ONHNHOH = molecule.copy()
ONHNHOH.remove_node(nodes[2])
imolecule.draw(ONHNHOH.to_dict(),format='json')

HONNHOH = molecule.copy()
HONNHOH.remove_node(nodes[1])
imolecule.draw(HONNHOH.to_dict(),format='json')

All of these molecules have the same composition, but the first two have the same bond structure, while the third has a different bond structure. We can check that the MolGraph data structure knows this.

In [5]:
print(HONHNHO == ONHNHOH) #check that 1 and 2 are equal
print(HONHNHO == HONNHOH) #check that 1 and 3 are not equal

True
False


We can also test that MolGraph only analyzes molecular *topology*, i.e. bond structure, and does not care about the actual positions of atoms, lengths of bonds, or labels of nodes.

In [6]:
ONNO_0 = molecule.copy()
atom_labels = ONNO_0.nodes()
atom_0 = ONNO_0.node[atom_labels[0]]
print('Old location: {}'.format(atom_0['location']))
atom_0['location'][0] +=1
print('New location: {}'.format(atom_0['location']))
imolecule.draw(ONNO_0.to_dict(),format='json')
print('Equivalent to original? {}'.format(ONNO_0 == molecule))

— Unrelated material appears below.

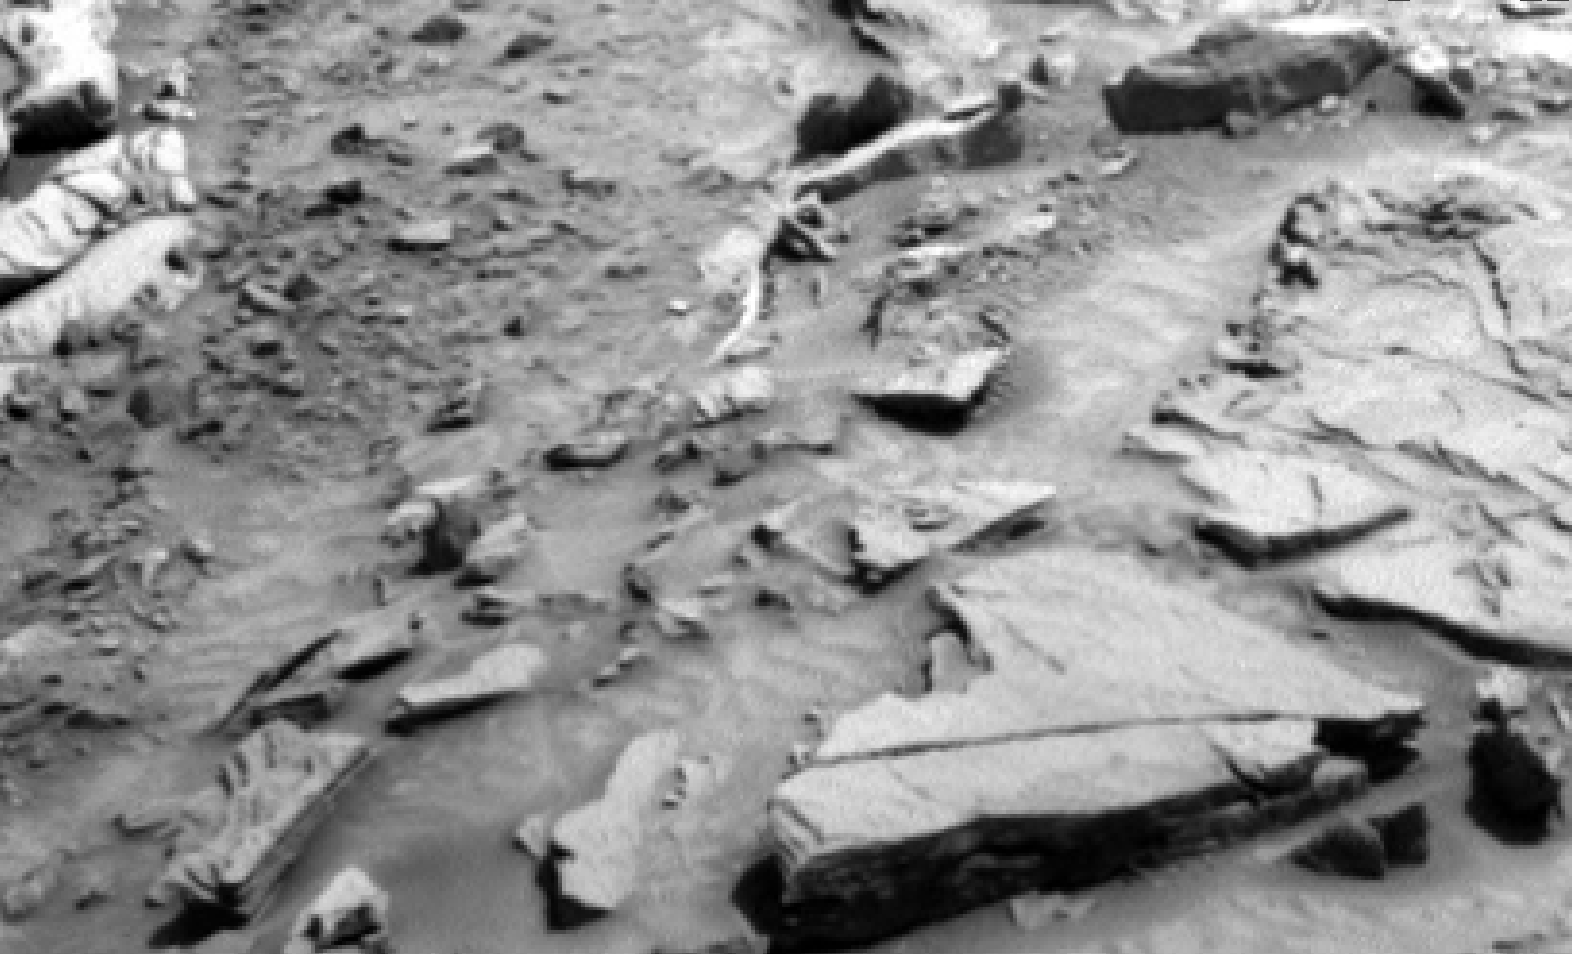 mars sol 1342 anomaly-artifacts 1 was life on mars

Old location: [0.240315, 0.798261, -0.035857]
New location: [1.240315, 0.798261, -0.035857]


Equivalent to original? True


Clearly these molecules are different, but they have the same topology and are hence considered equivalent. This is a useful feature since it ignores minor differences in molecular structure, but it can also be dangerous if you do not understand its limitations.

Finally, let's make sure that MolGraph doesn't care about node labels.

In [7]:
import networkx as nx
int_molecule = nx.relabel.convert_node_labels_to_integers(molecule)
print('Original Nodes: {}'.format(molecule.nodes()))
print('Integer Nodes: {}'.format(int_molecule.nodes()))
print('Are the equivalent? {}'.format(molecule == int_molecule))

Original Nodes: ['N[0.240315, 0.798261, -0.035857]', 'N[-0.244389, -0.517724, 0.134226]', 'H[0.043011, -1.085406, -0.669302]', 'O[1.677716, 0.806578, 0.117112]', 'H[-0.06081, 1.410616, 0.734186]', 'H[1.949494, 0.45727, -0.754832]', 'O[-1.685265, -0.53594, -0.016613]', 'H[-1.920072, -1.333654, 0.491081]']
Integer Nodes: [0, 1, 2, 3, 4, 5, 6, 7]
Are the equivalent? True


So clearly node labels do not matter. However, it is worth noting that if you try to add multiple nodes with the same label to the same MolGraph then they will overwrite. This can also be very dangerous.